Example 1: The Romantic Gone Wrong
Incorrect: Wrapped in his arms, the city lights blurred through the rain-streaked window.
So … the city lights are cuddled up with someone? Main character energy for an inanimate object, honestly.
Correct: Wrapped in his arms, she watched the city lights blur through the rain-streaked window.
Now a human is doing the holding and the watching. Syntax in storytelling matters; one added subject fixes everything.
Example 2: The Action Scene That Tripped
Incorrect: Sprinting through the alley, the gunshot echoed behind Reese.
The gunshot is sprinting. Really? It’s giving sentient bullet.
Correct: Sprinting through the alley, Reese heard the gunshot echo behind her.

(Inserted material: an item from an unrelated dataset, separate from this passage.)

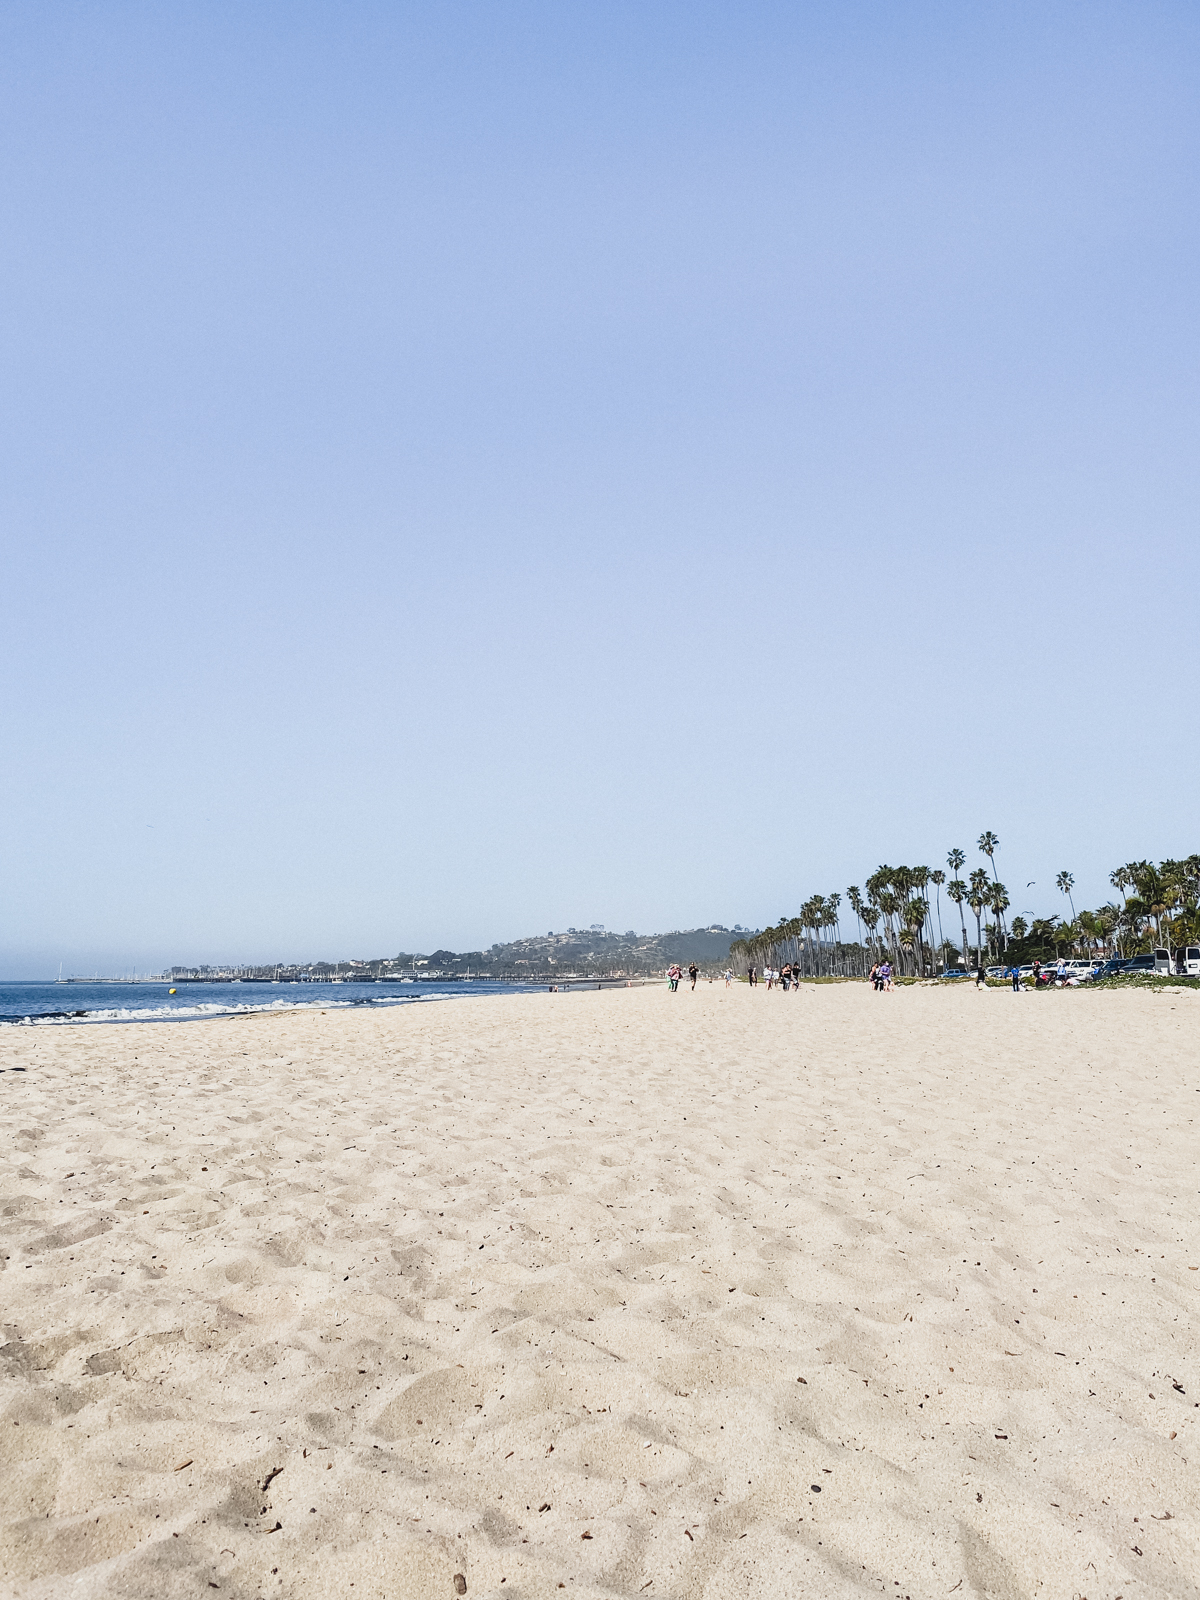 East Beach in Santa Barbara California
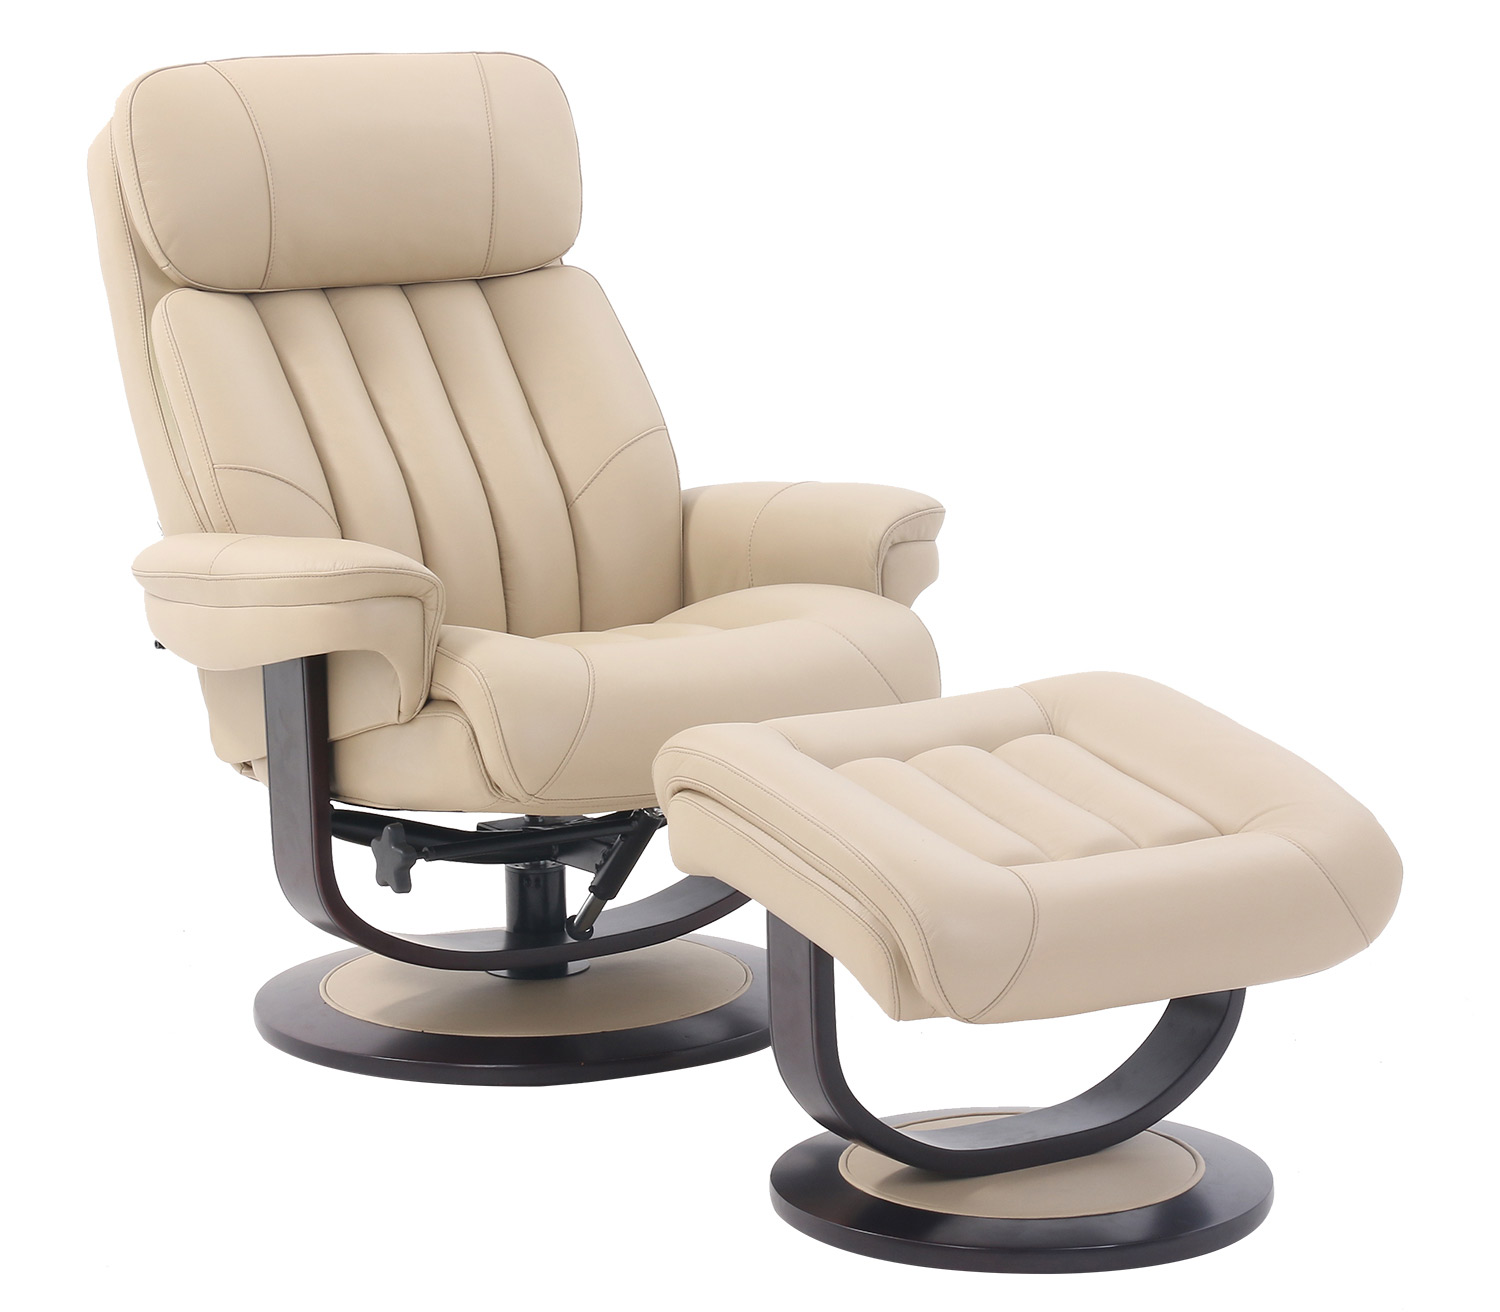 Barcalounger Oakleigh Pedestal Recliner Chair and Ottoman - Hilton Ivory/Leather match

Reese is sprinting. The gun is echoing. Order is restored.
Example 3: The Emotional Beat That Went Sideways
Incorrect: Sobbing quietly, the letter fell from Ava’s hands.
A crying letter. That’s not how it works, or maybe it’s magic?
Correct: Sobbing quietly, Ava let the letter fall from her hands.
Now the emotion belongs to a person, and the scene actually lands.
Why Precision Is the Point
Margaret Atwood approaches it from the reader’s side. She’s spoken about how a writer’s responsibility is to the clarity of the experience, to make sure the reader sees what you see. A misplaced modifier breaks that contract. It introduces ambiguity where you intended an atmosphere.
A misplaced modifier is so subtle that you need a different set of eyes to spot it. And the fix is almost always simple: Put the modifier next to the subject it’s actually describing. That’s it. Make every word sit exactly where it belongs, and your reader will never have to ask, “Wait—who’s holding the knife?”